-- SOURCE MATERIAL follows --

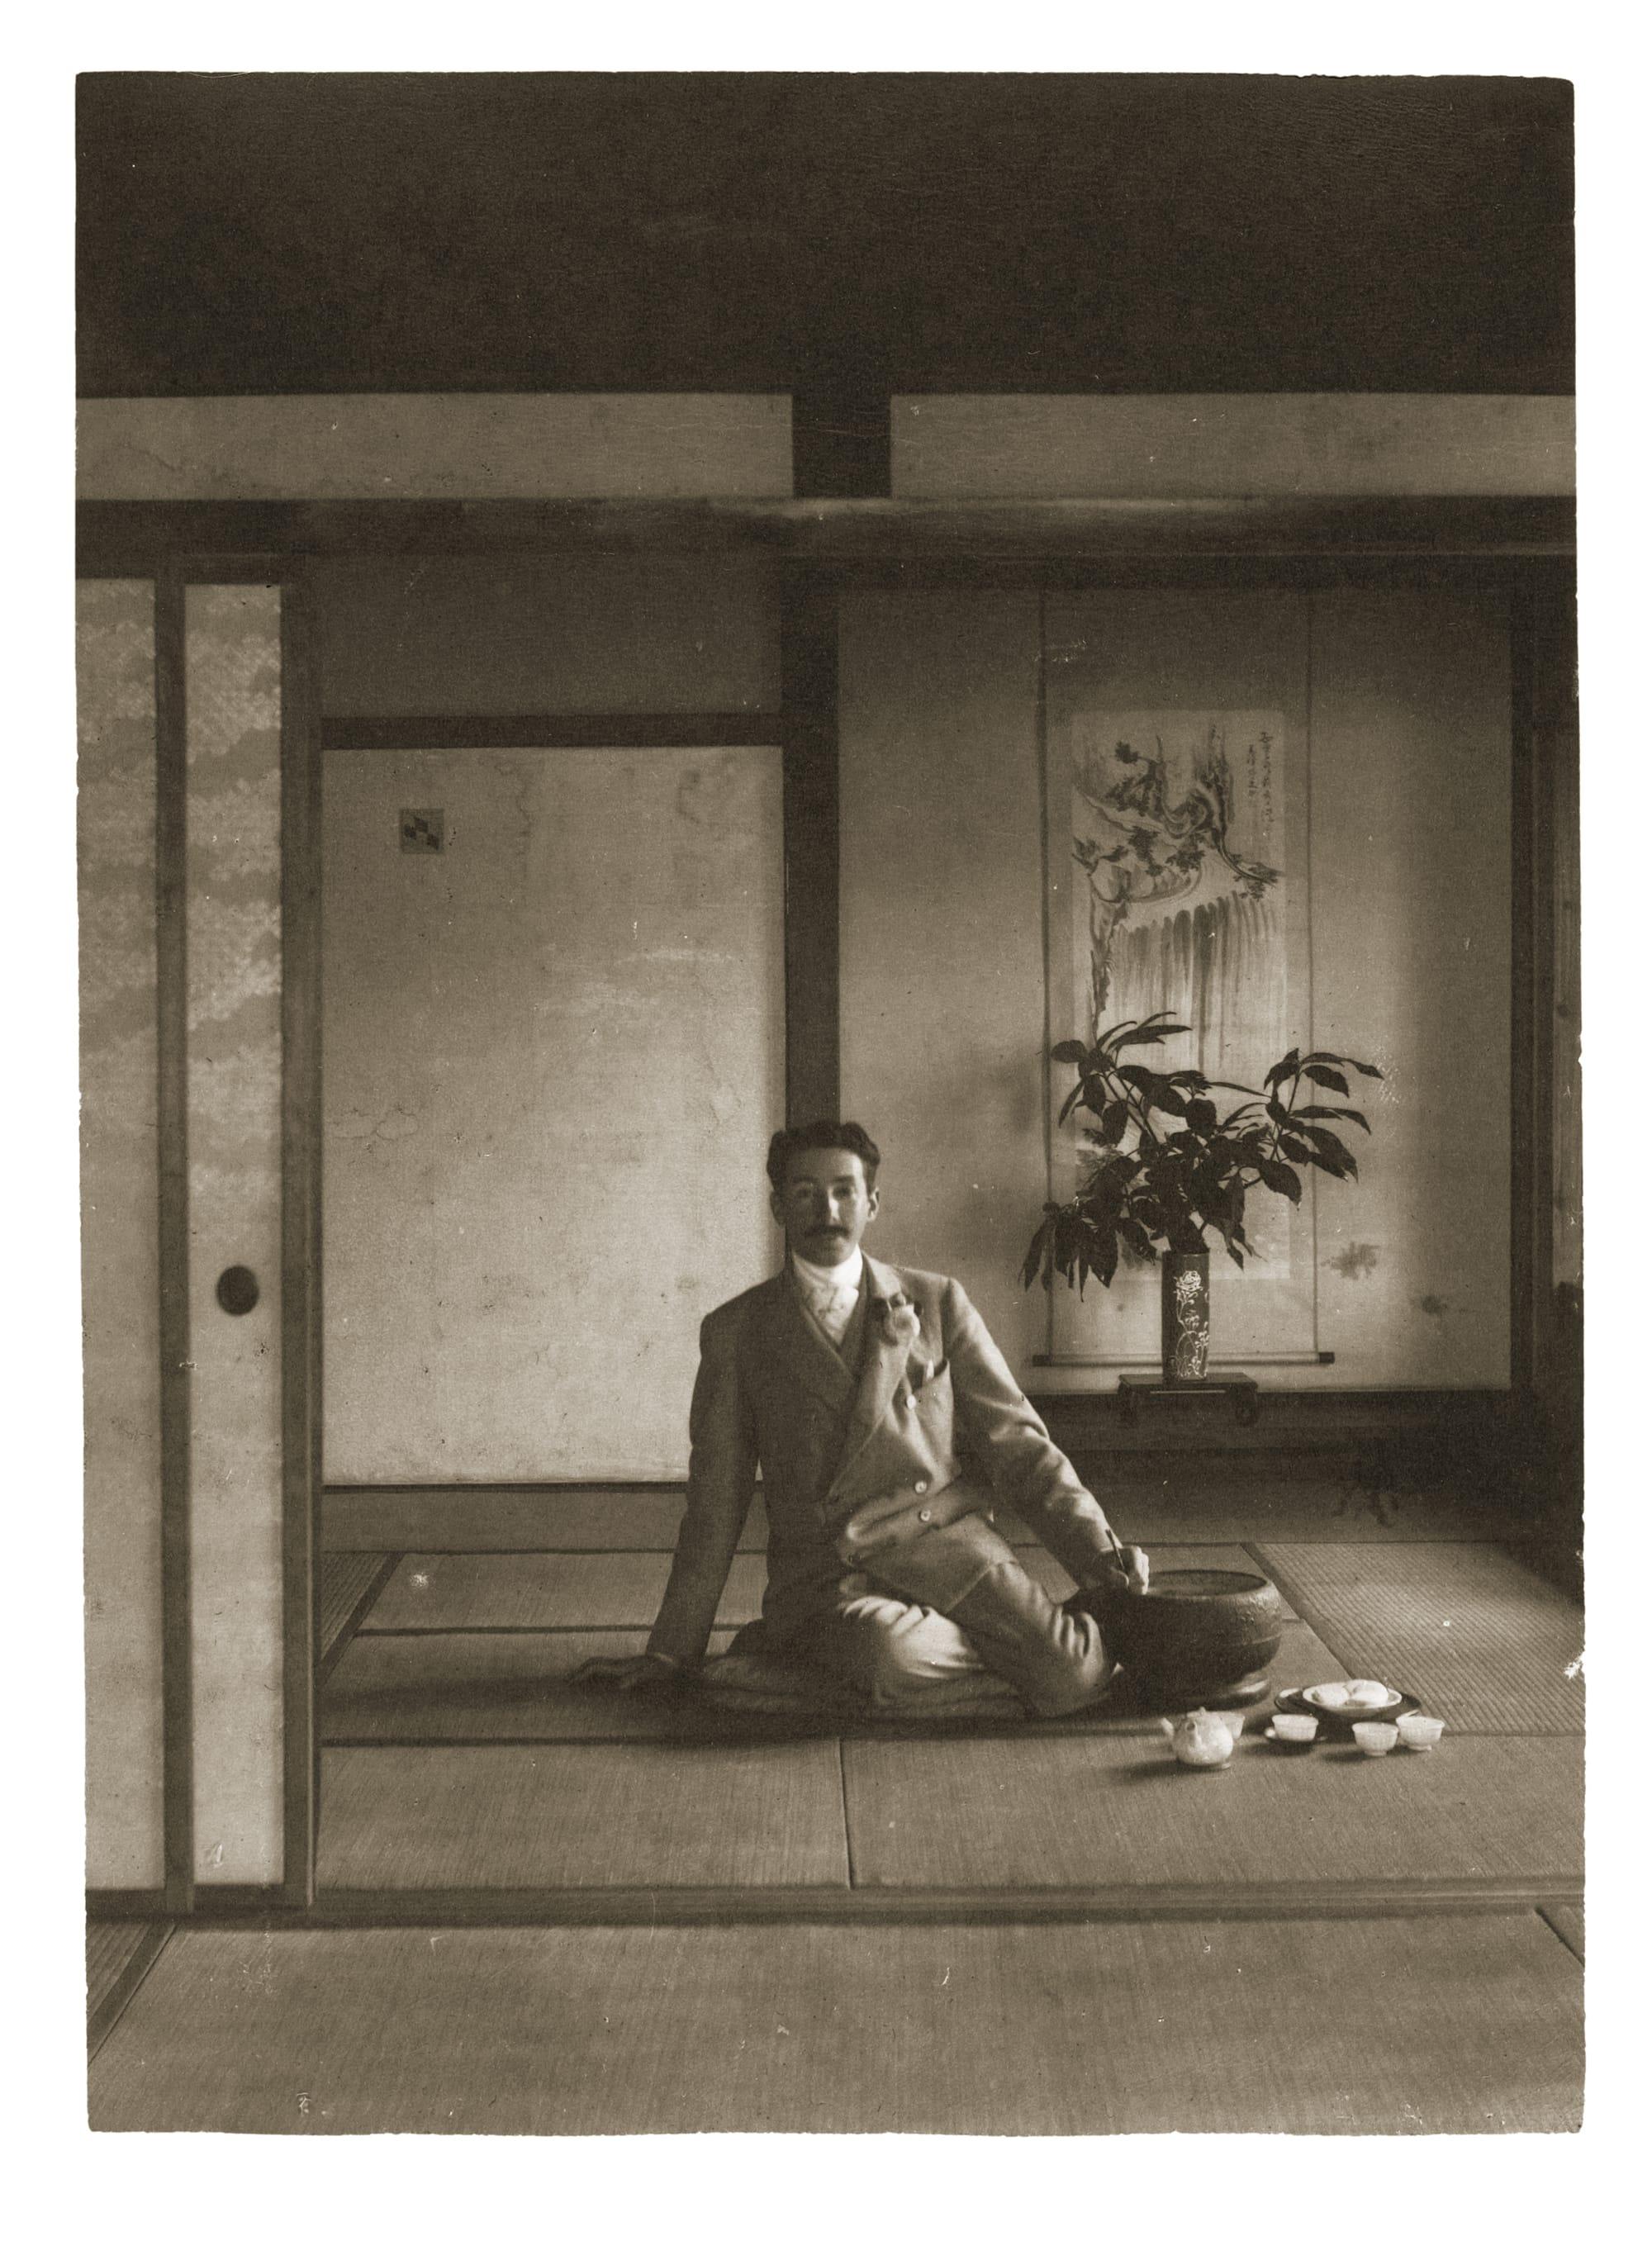 「ファッション・アイ ジャパン」は、1900年代初頭の日本の姿がアドルフ・ド・メイヤーの視点で切りとられている。
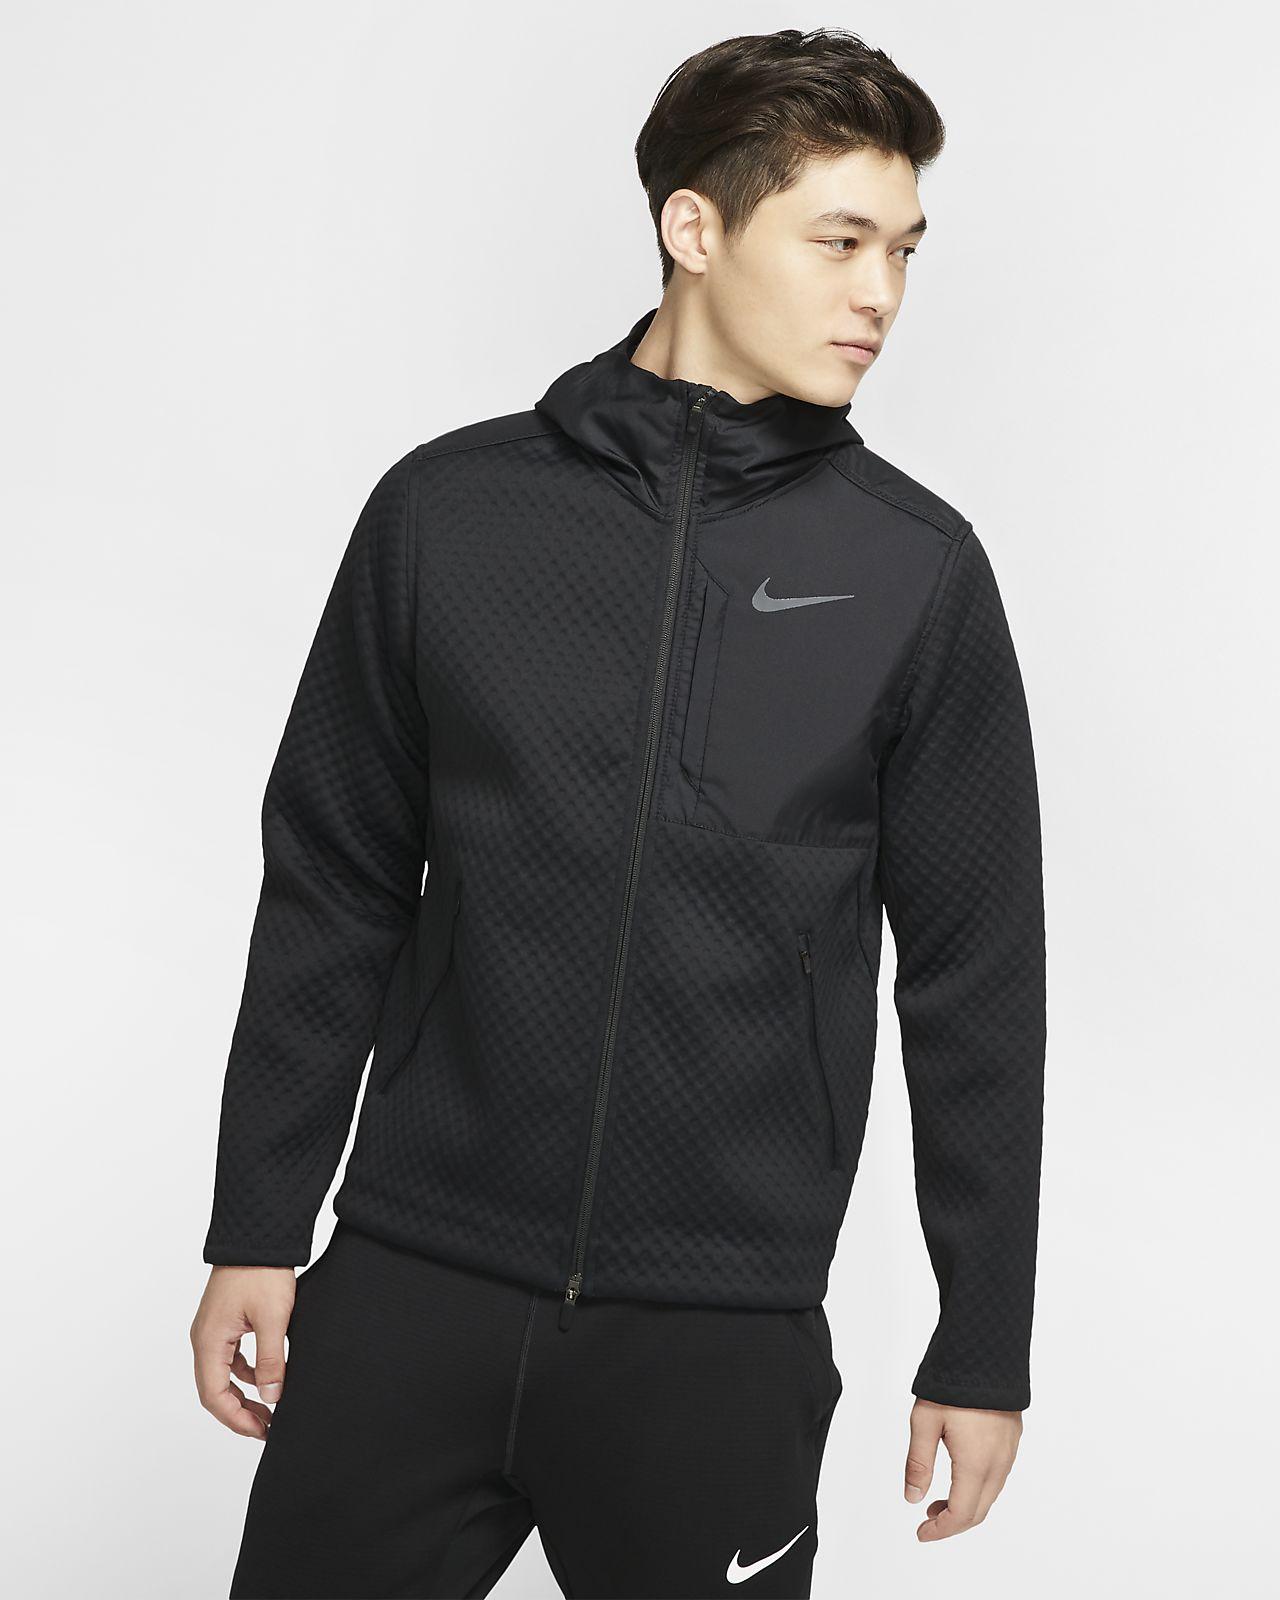 Pánská tréninková bunda Nike Therma s kapucí a zipem po celé délce
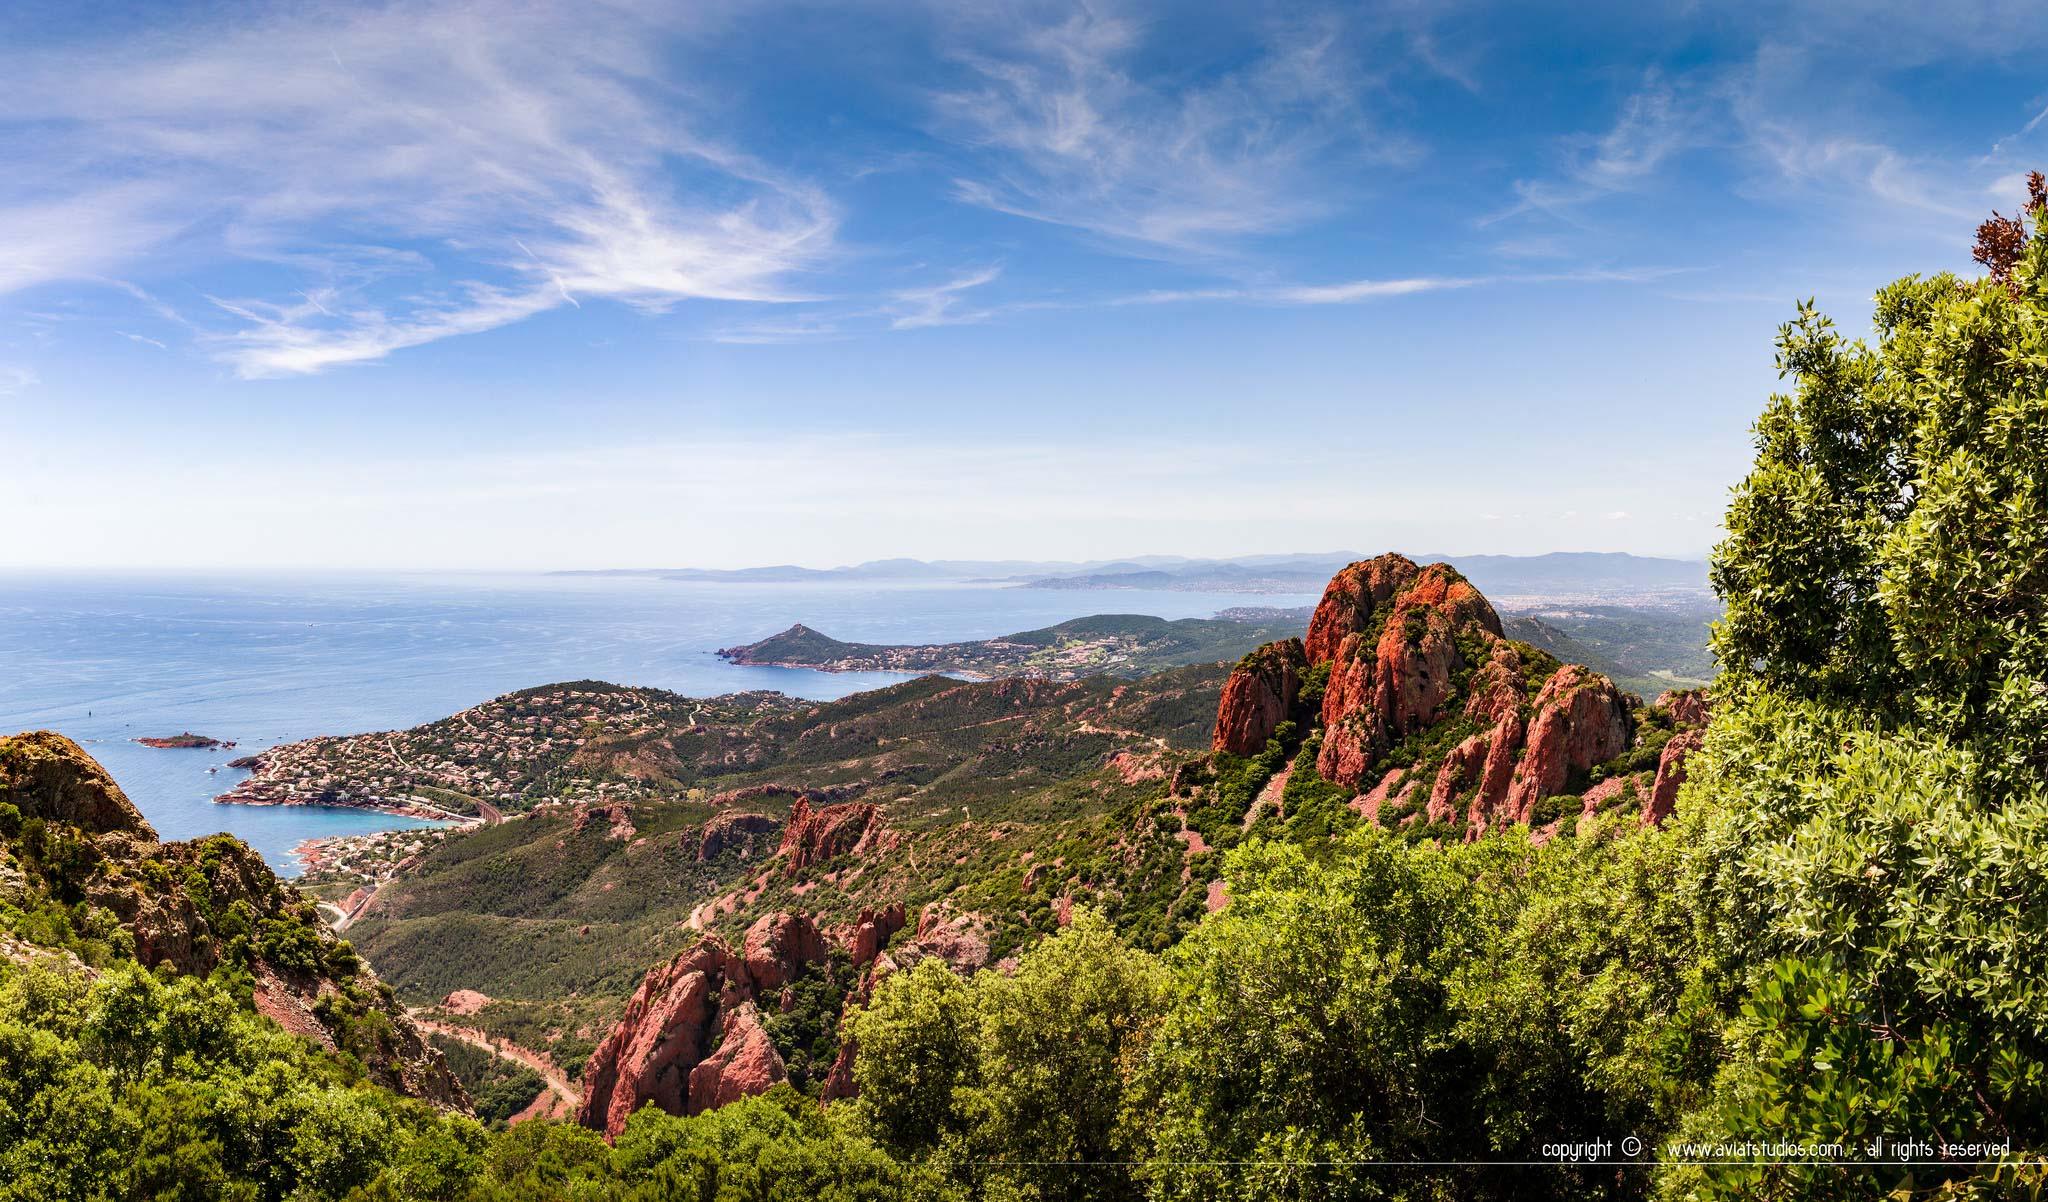 Randonnée dans l'Estérel - Panorama vers l'ouest

-- SOURCE MATERIAL concluded --

PROBLEM TO WORK ON:
The output must start at the line holding "Pánská tréninková bunda", end at the last line of the listing above, and show each line exactly; please omit all pictures.

RESPONSE TO THE EXERCISE:
 Pánská tréninková bunda Nike Therma s kapucí a zipem po celé délce
 Randonnée dans l'Estérel - Panorama vers l'ouest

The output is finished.